The whole listing, exactly as given: write it out, leaving out each image.
** Opening DATA PROVIDED block **
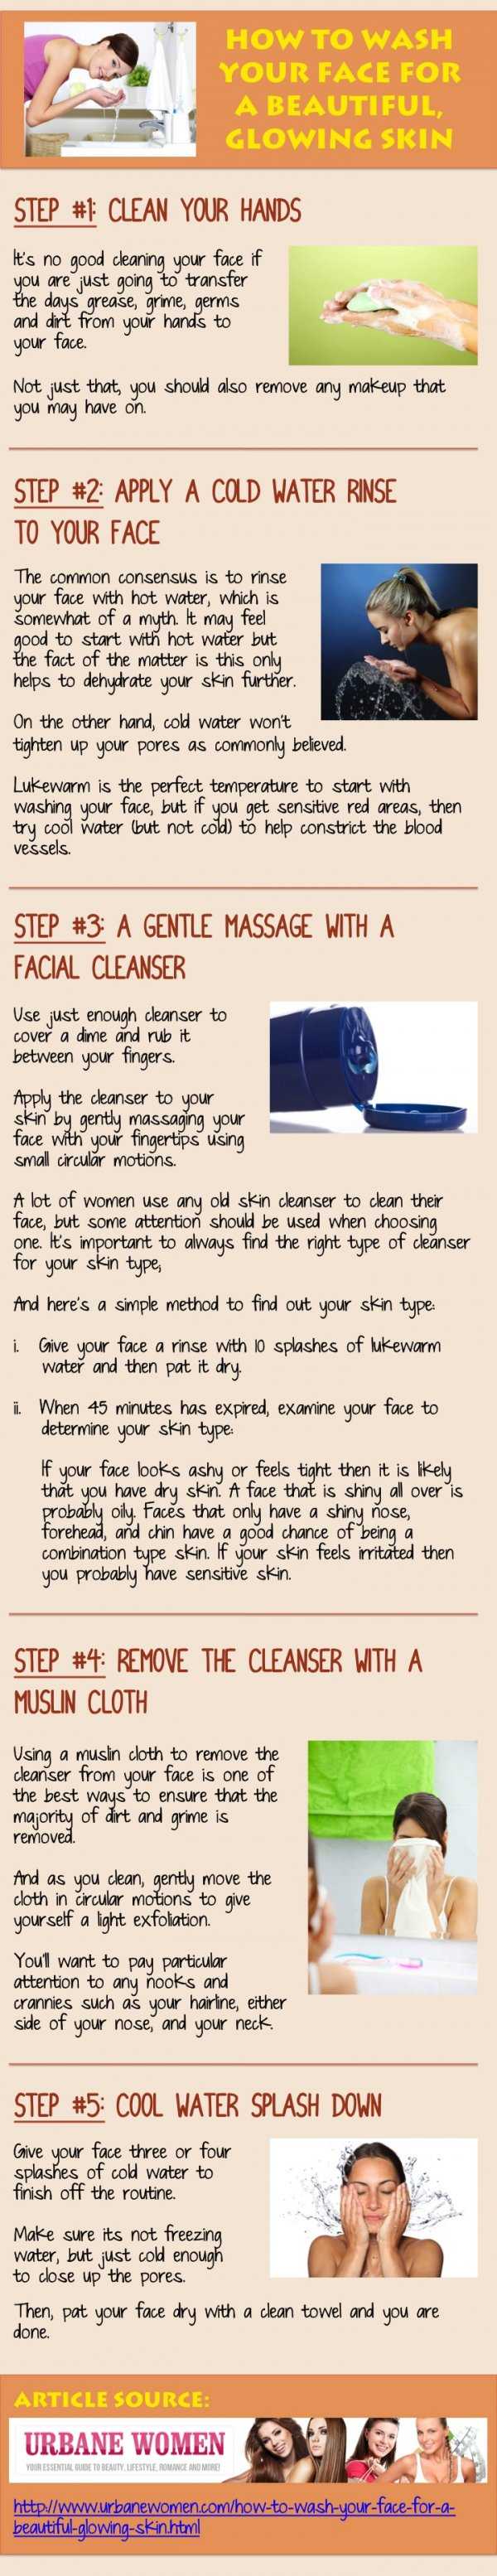 How To Wash Your Face
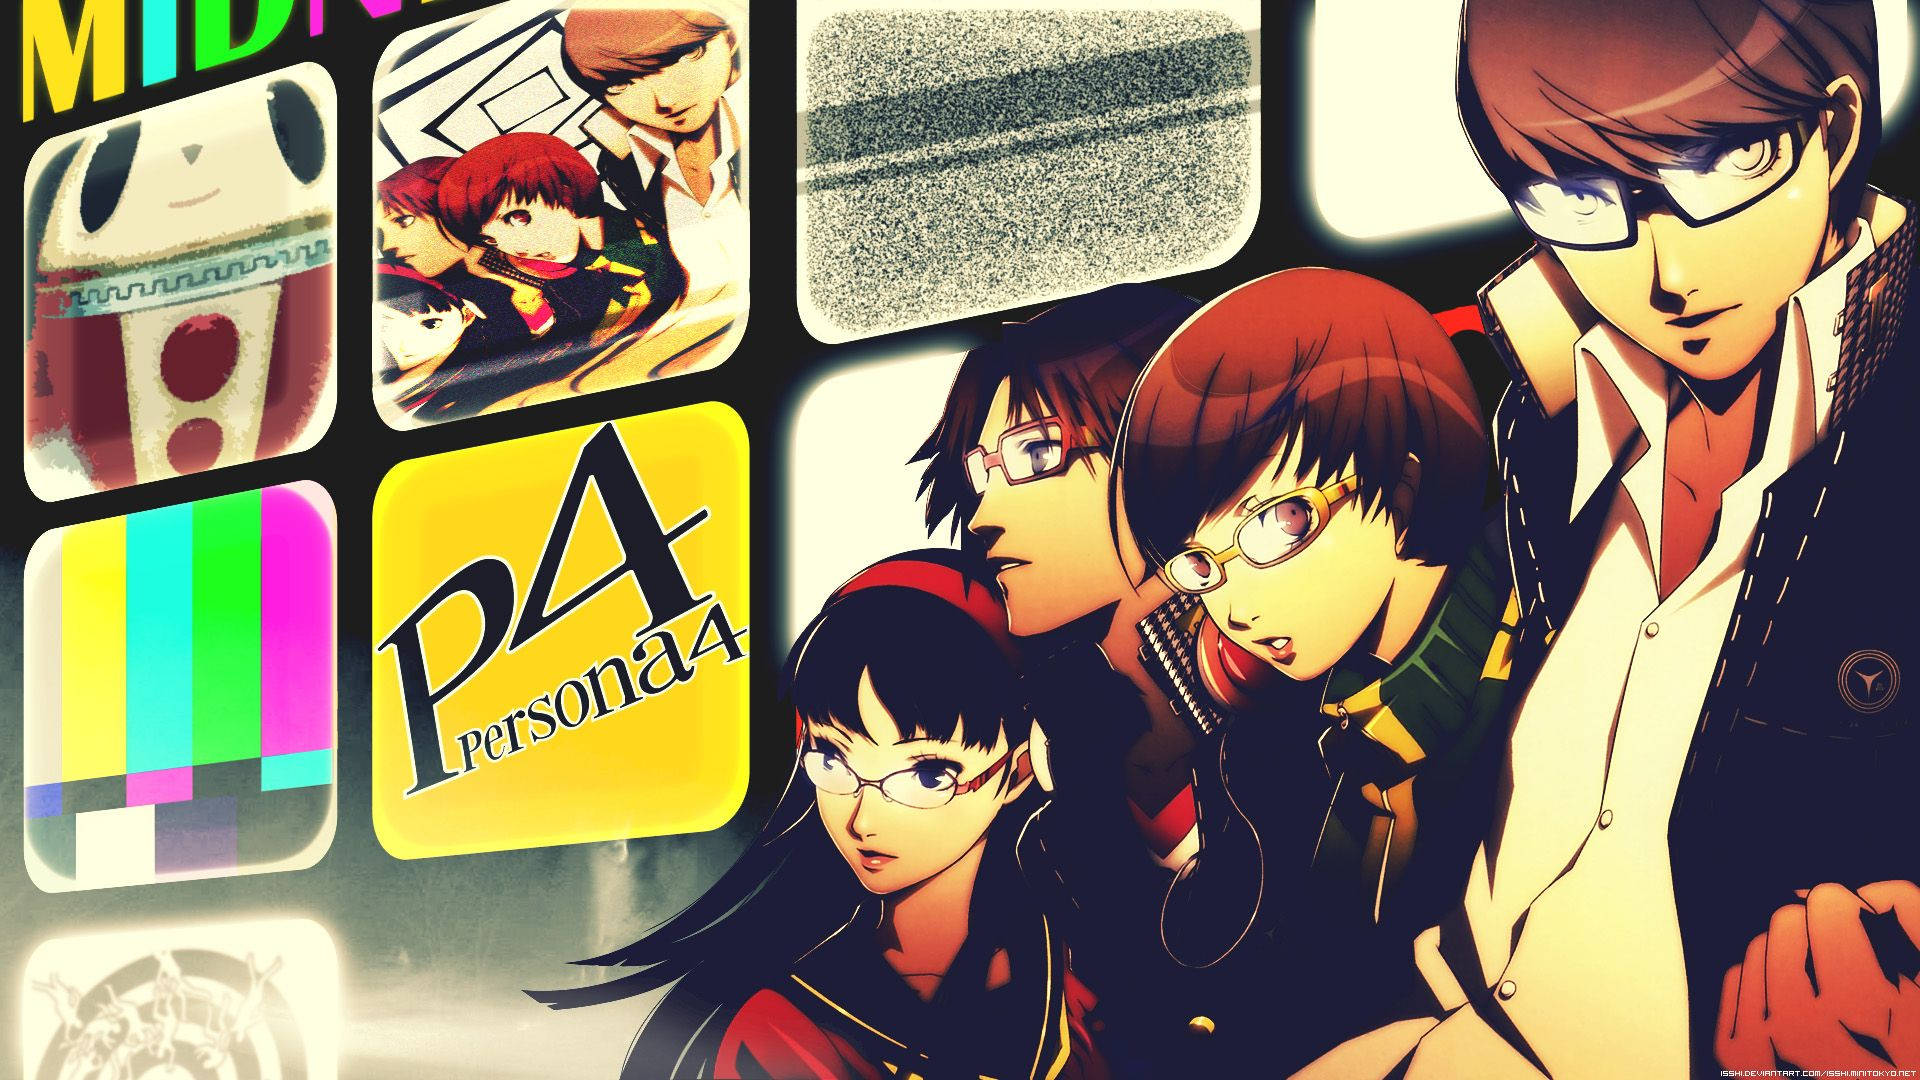 The hero's journey begins in the eerie Midnight Channel of Persona 4. Wallpaper
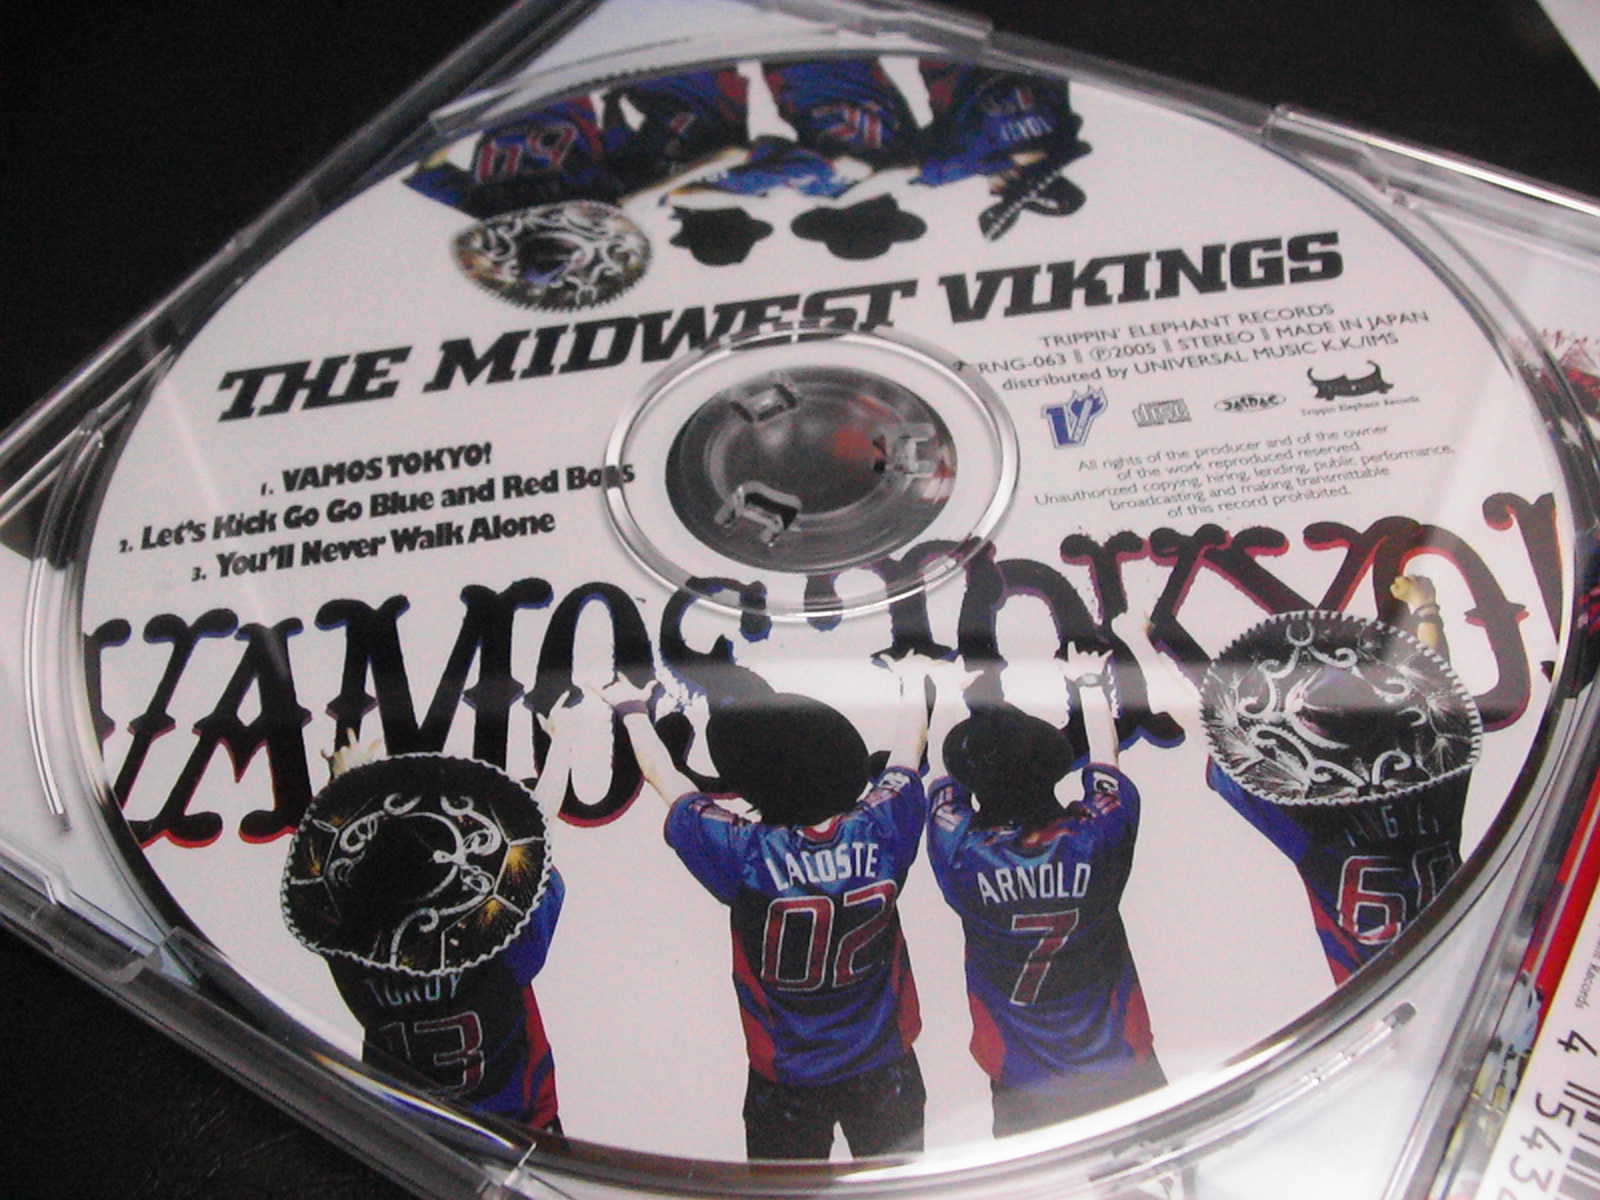 THE MIDWEST VIKINGS
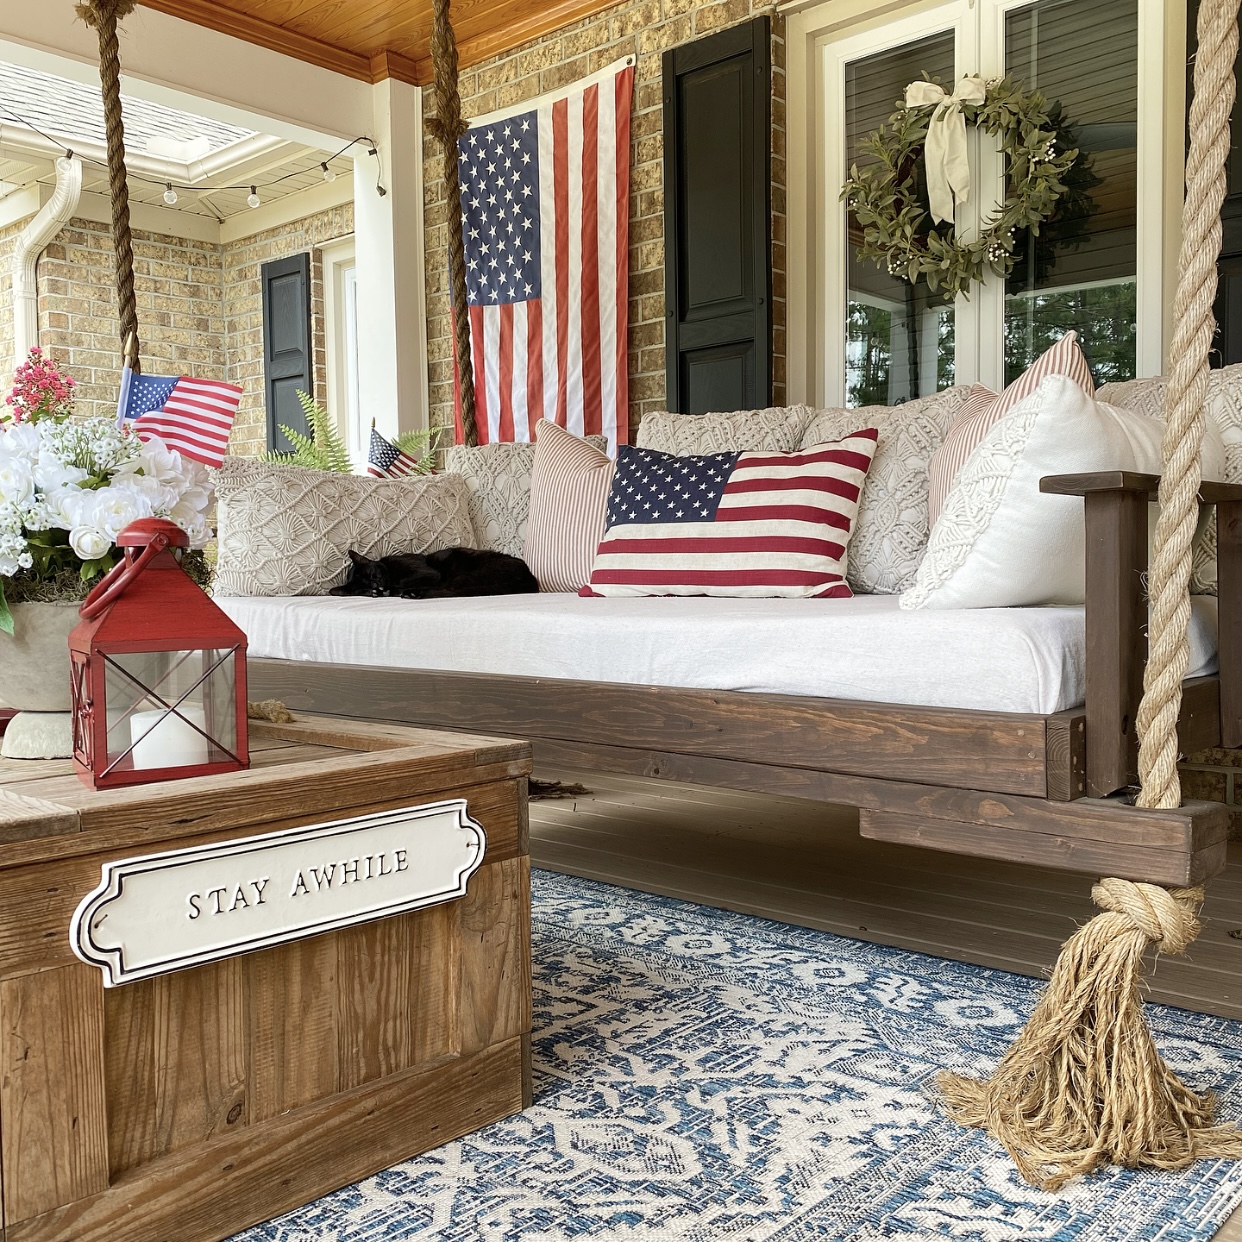 The front porch bed swing decorated with an American flag pillow. On the coffee table is a red lantern and a white floral arrangement in a concrete pedestal bowl. Behind the swing is an American flag hanging on the wall.
** Closing DATA PROVIDED block **
REPLY.
 How To Wash Your Face
 The hero's journey begins in the eerie Midnight Channel of Persona 4. Wallpaper
 THE MIDWEST VIKINGS
 The front porch bed swing decorated with an American flag pillow. On the coffee table is a red lantern and a white floral arrangement in a concrete pedestal bowl. Behind the swing is an American flag hanging on the wall.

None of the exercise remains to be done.